==== Provided material

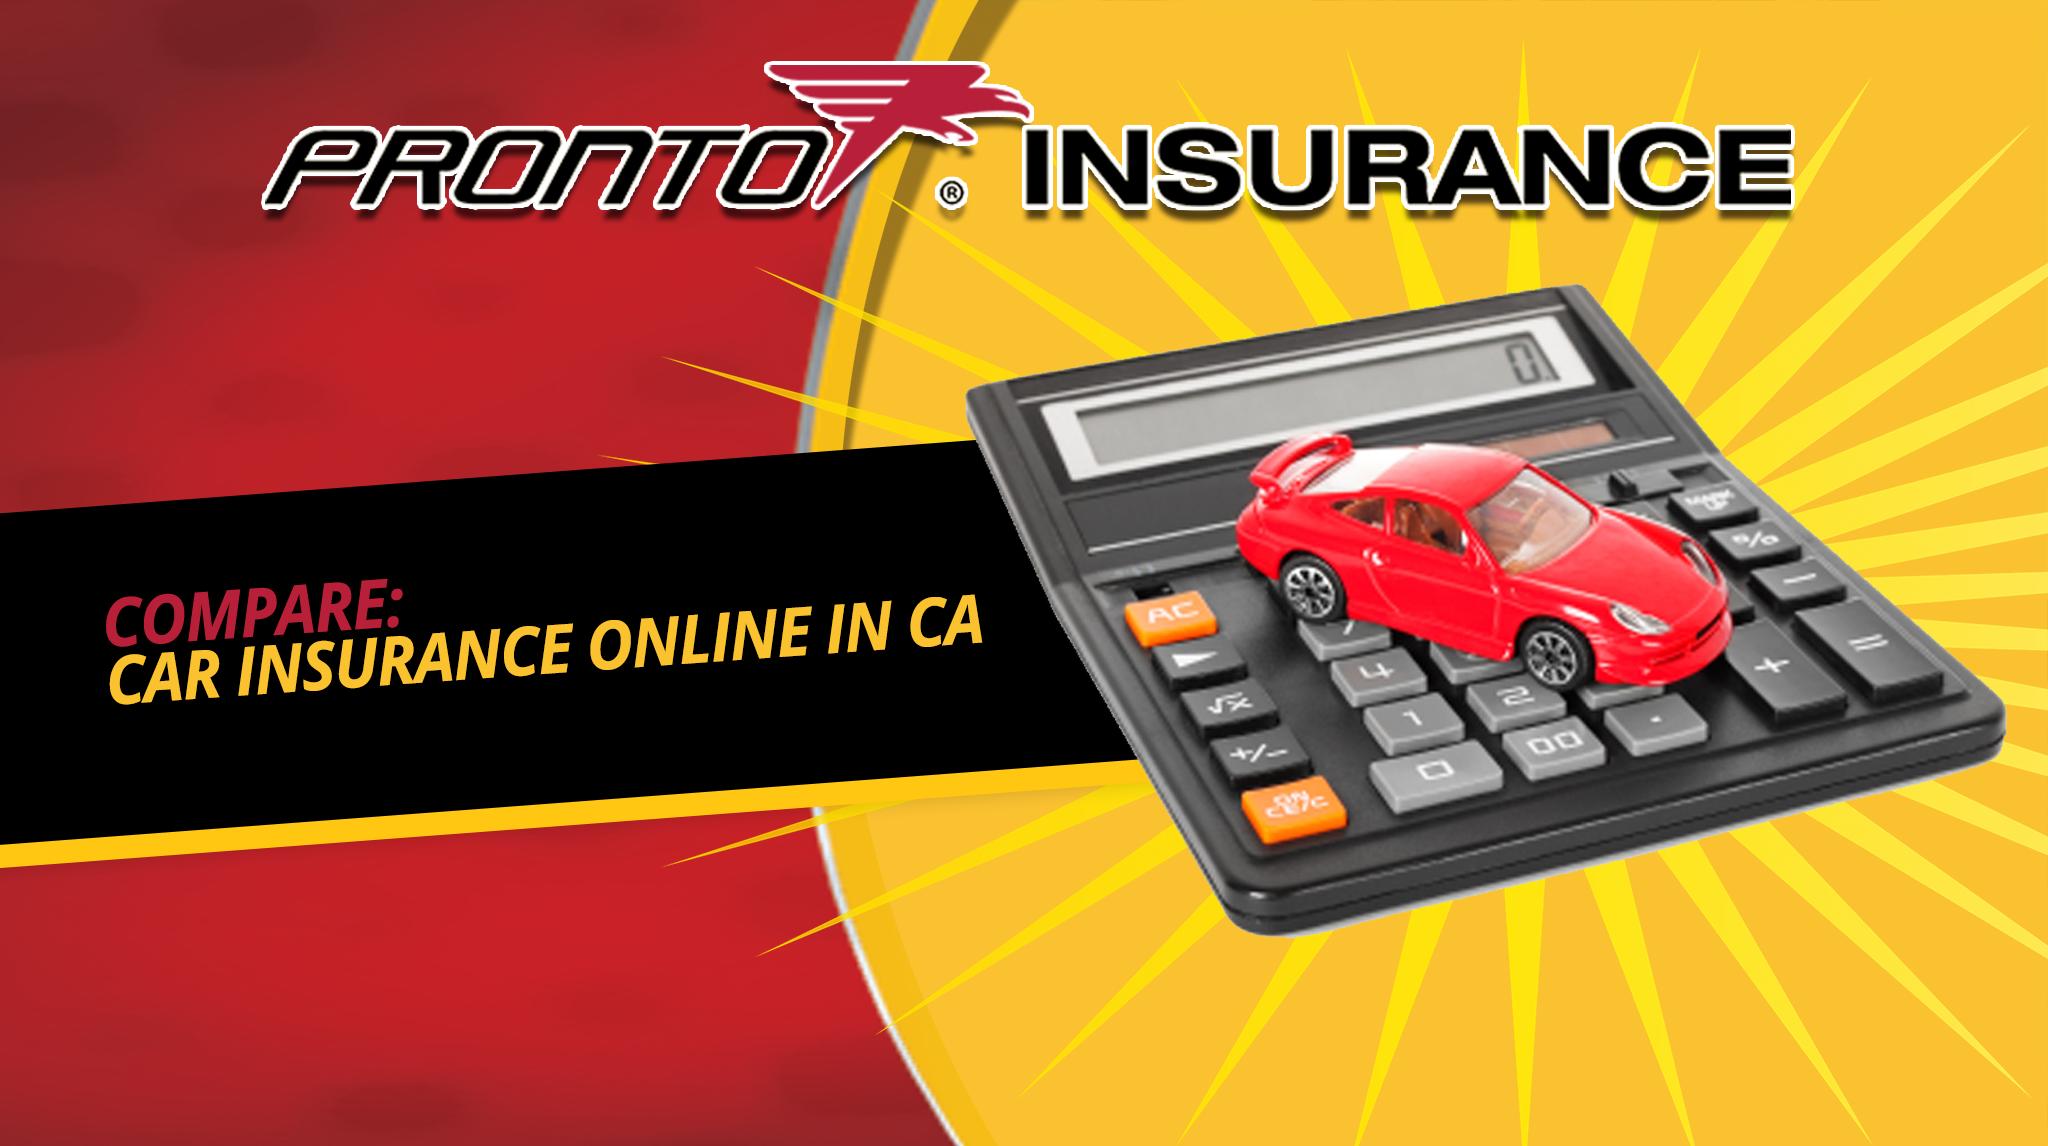 Compare Car Insurance Online in CA
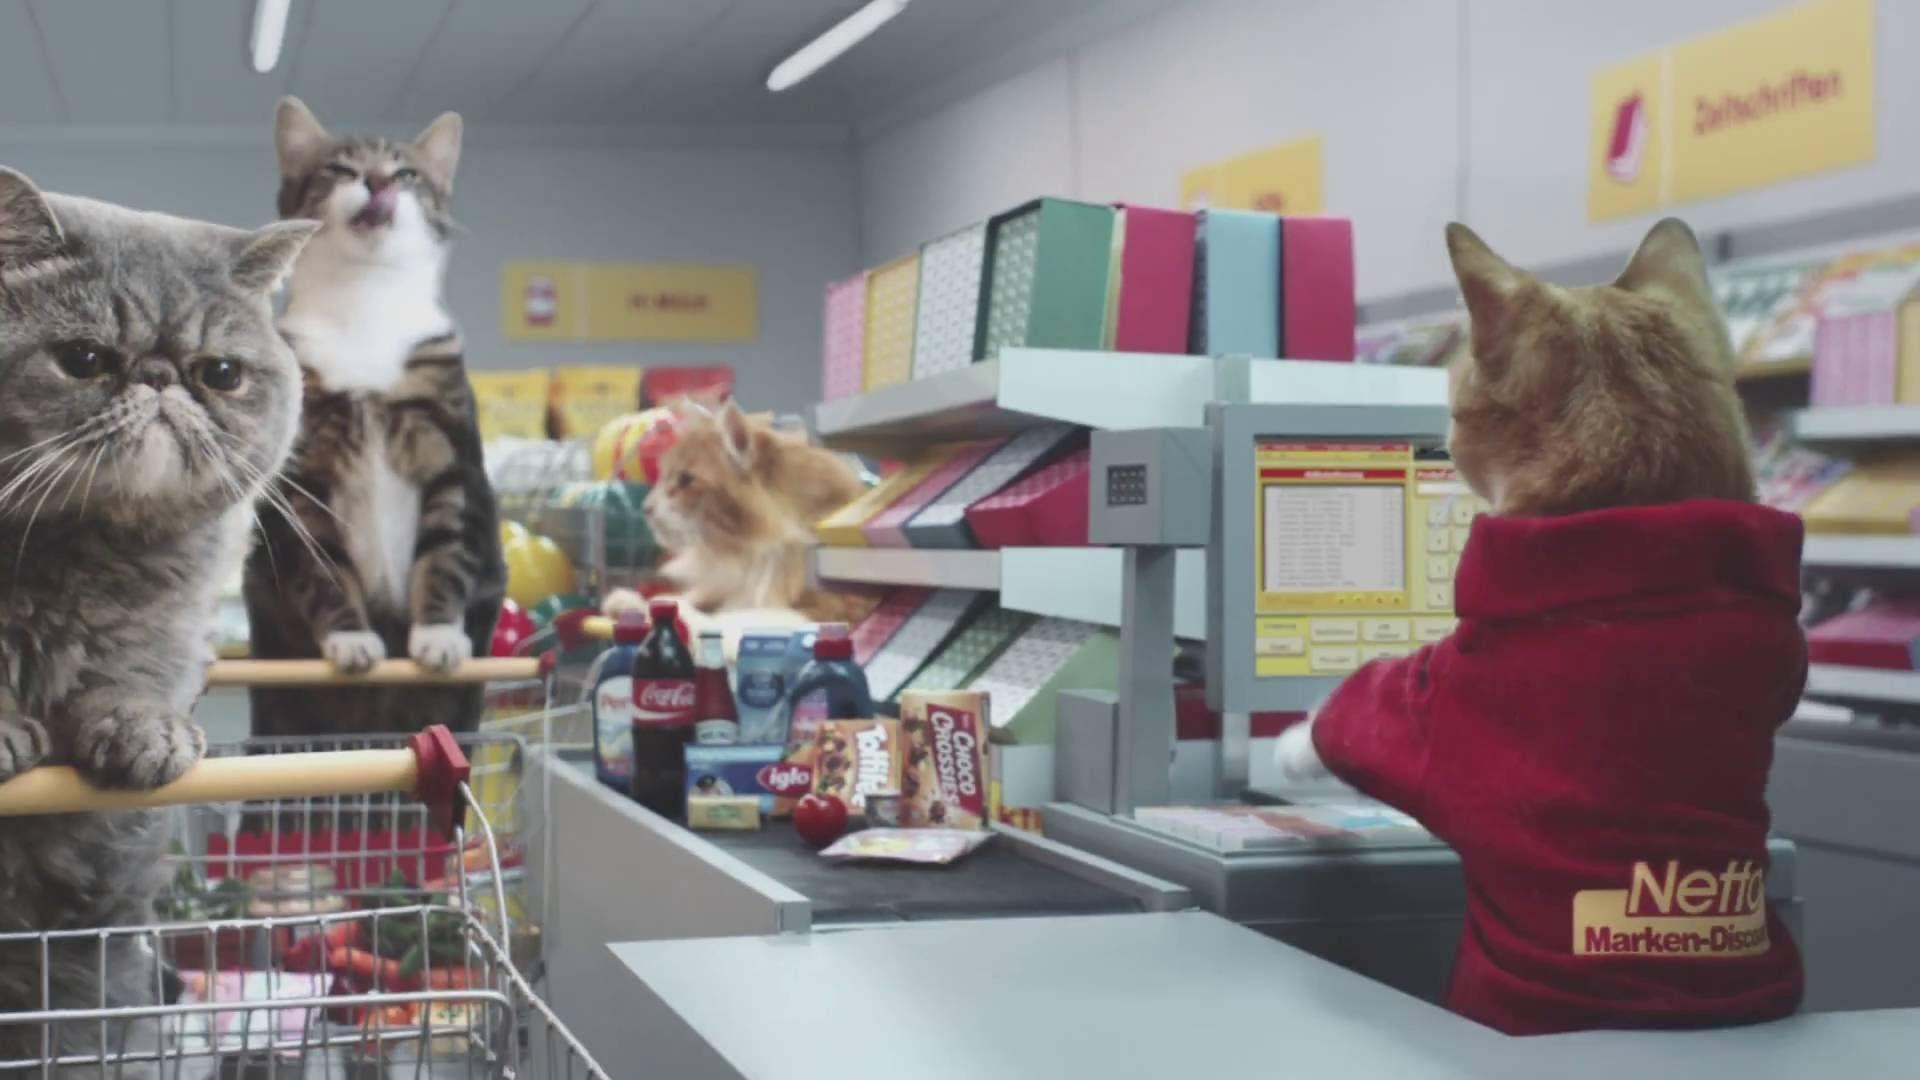 Cats at supermarket
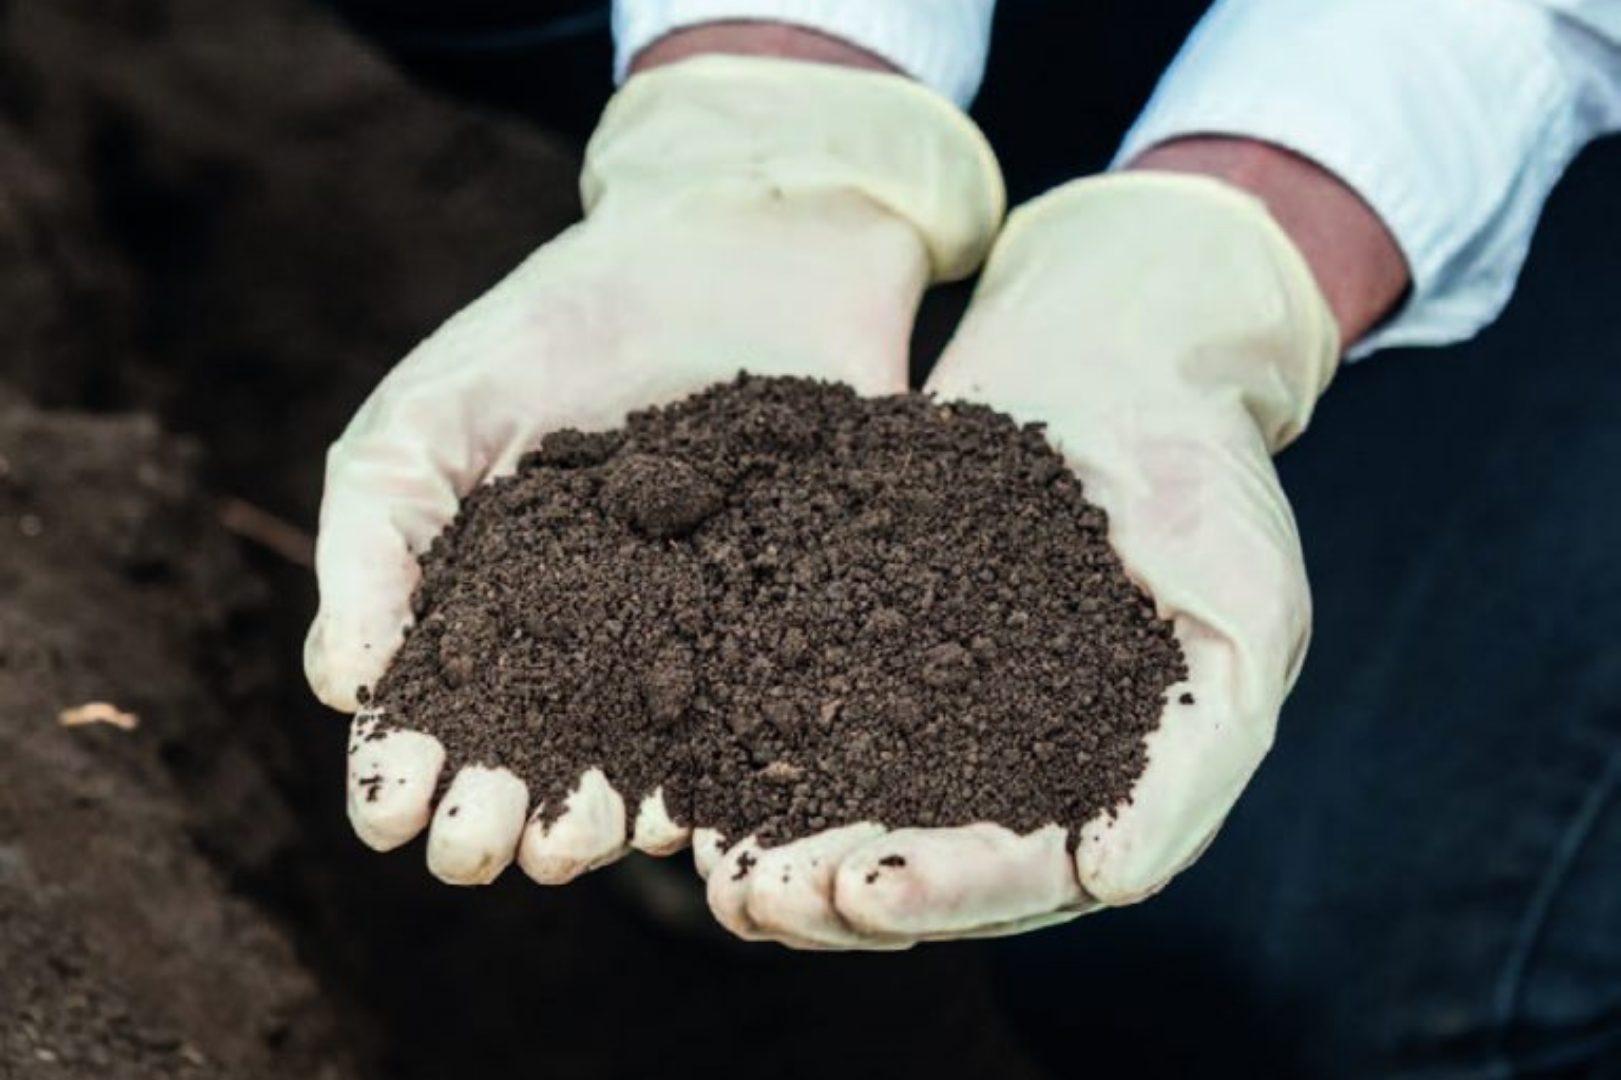 Soil testing professional
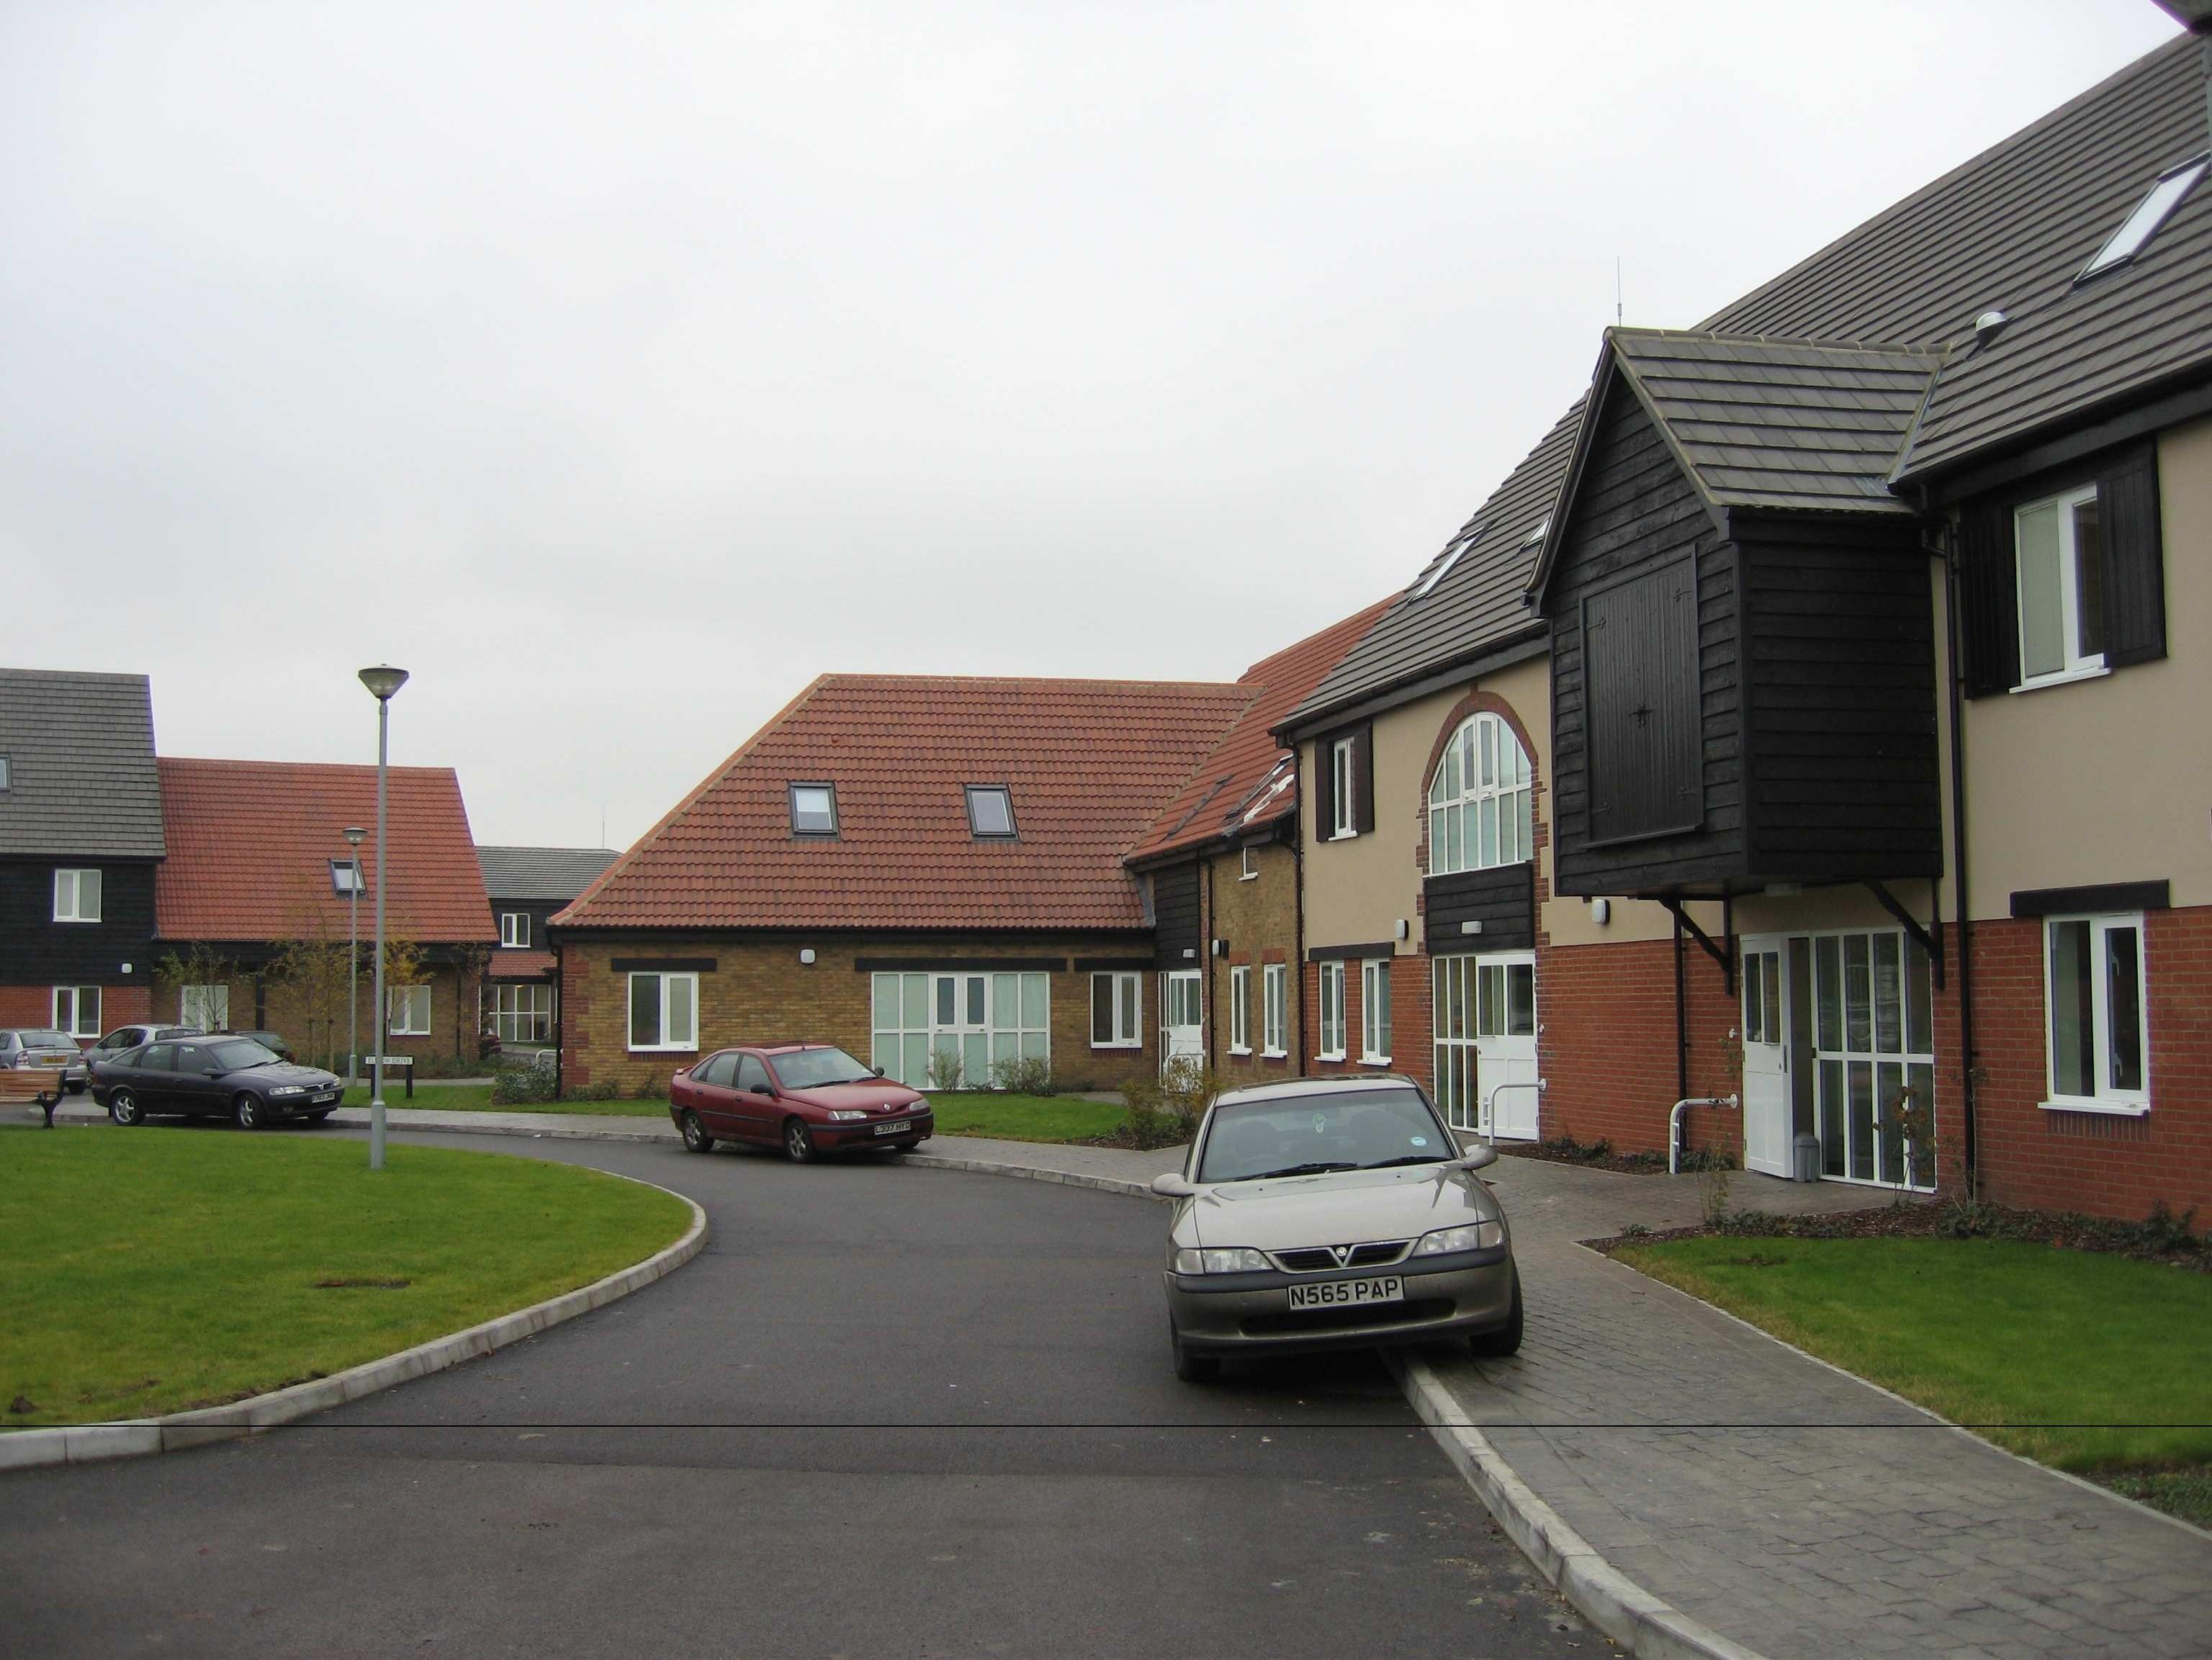 Milton Park Hospital, Wyboston, Bedfordshire

========

# Problem requirements:
Please transcribe each line above exactly, but leave the images out.

# Result:
 Compare Car Insurance Online in CA
 Cats at supermarket
 Soil testing professional
 Milton Park Hospital, Wyboston, Bedfordshire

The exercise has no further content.